Your version sounds good to me. The only change I made is that I think the fact that Catholicism was the preferred religion is obvious from the next sentences ("obliged to convert to Christianity" and all), so I left in the bit about convivencia instead of "end to tolerance to religions other than Catholic." Yes, the idea of Spain as a golden land of religious tolerance from 1100-1480 is totally wrong, *but* the situation then was clearly more measured and less extreme, and the end of it is a very notable result of the Granada War, and it gets across the same point that Christianity was now the official religion. Harvey seems to back this up, I can drop some quotes here if you're interested. Regardless, it's interesting, and I agree that, say, the Morisco article should be expanded even further with details on the treatment of Granada's Muslim population. SnowFire (talk) 21:50, 3 January 2014 (UTC)
I may do it another time, I can´t get stuck here for ever. There is still a diffusion of responsibility, an aggression of Ferdinand and Castile's militaristic drive and their economic urges (and personal glory?). Macchiavelo was adamant. Anyway. Iñaki LL (talk) 22:12, 3 January 2014 (UTC)

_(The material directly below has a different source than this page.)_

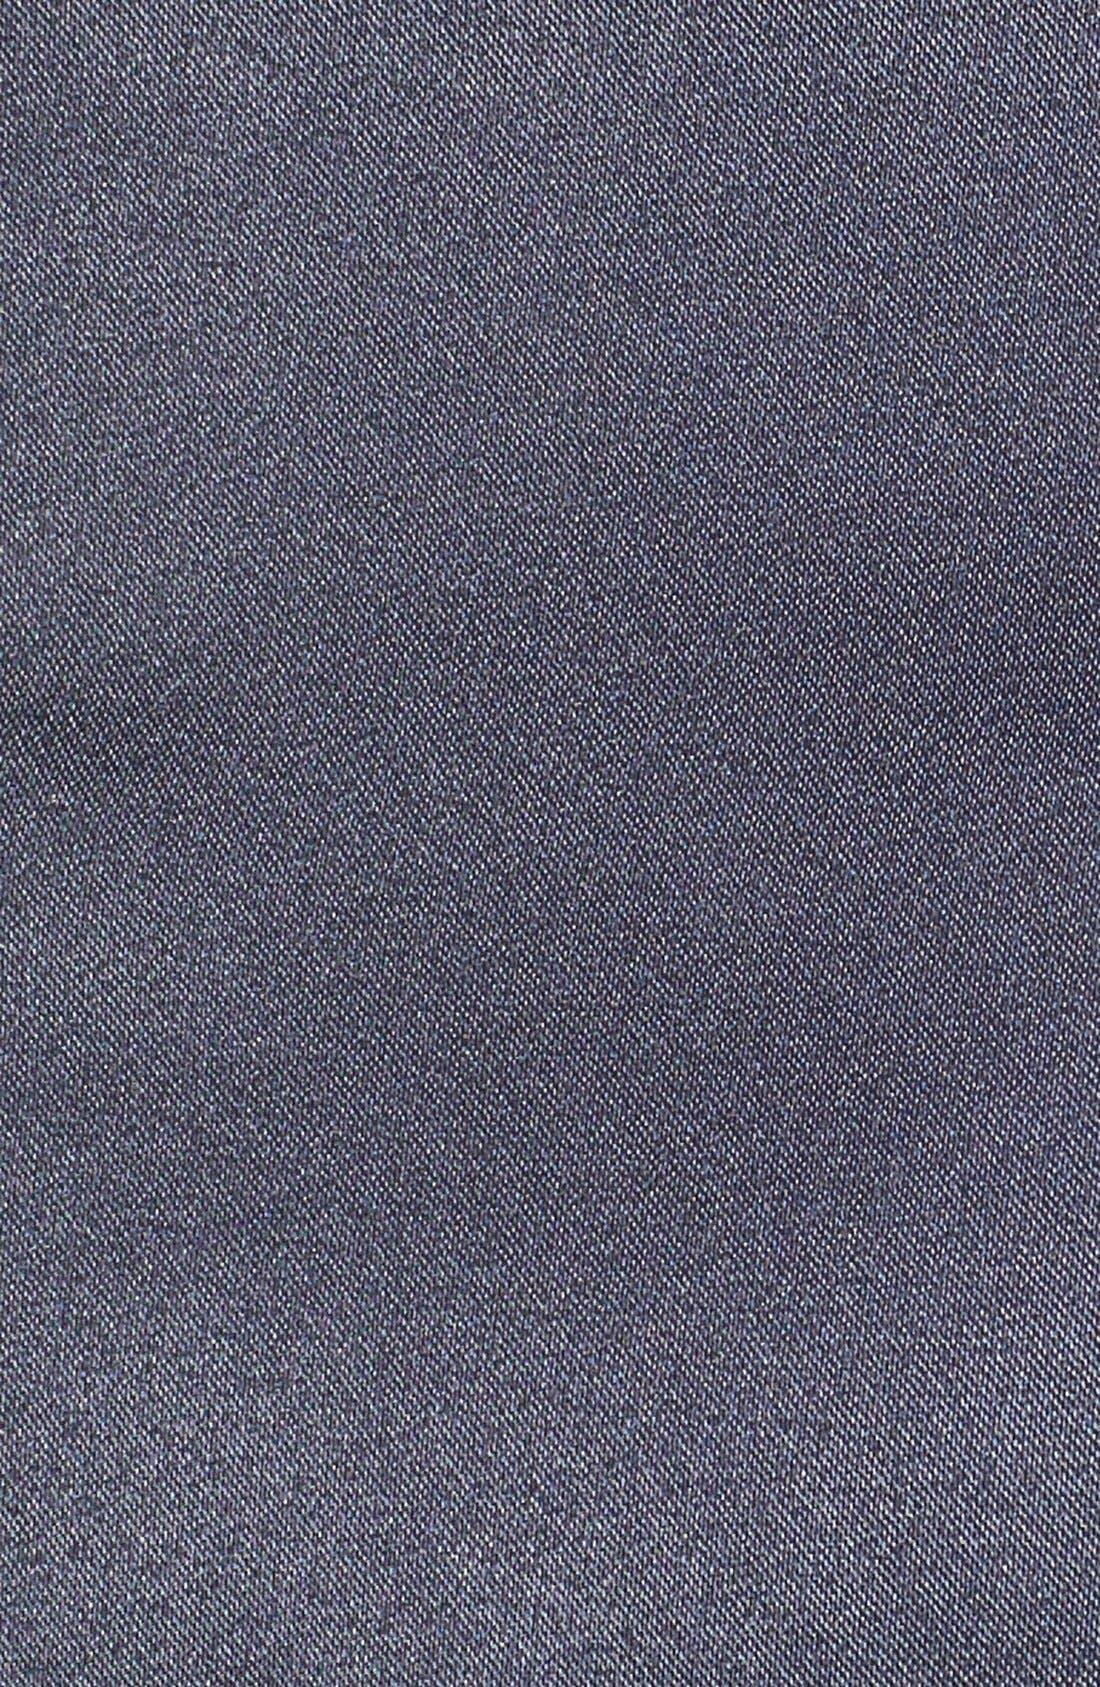 High Waist Satin Shorts,                             Alternate thumbnail 3, color,                             Navy

Battle of the Axarquia[edit]

The battle of the Axarquia -so-called- was not a victory but was in fact the disastrous military incursion in which a large Christian raiding force suffered catastrophic defeat 'near Malaga,' as mentioned in the previous sentence in this article. In the same year, Boabdil was captured near Lucena, fifty miles to the north, in the modern province of Cordoba. Changing test accordingly. JF42 (talk) 12:04, 29 September 2014 (UTC)

  1. ^ Harvey, L. P. (2005). Muslims in Spain, 1500 to 1614. University Of Chicago Press. ISBN 978-0-226-31963-3 Check |isbn= value (help).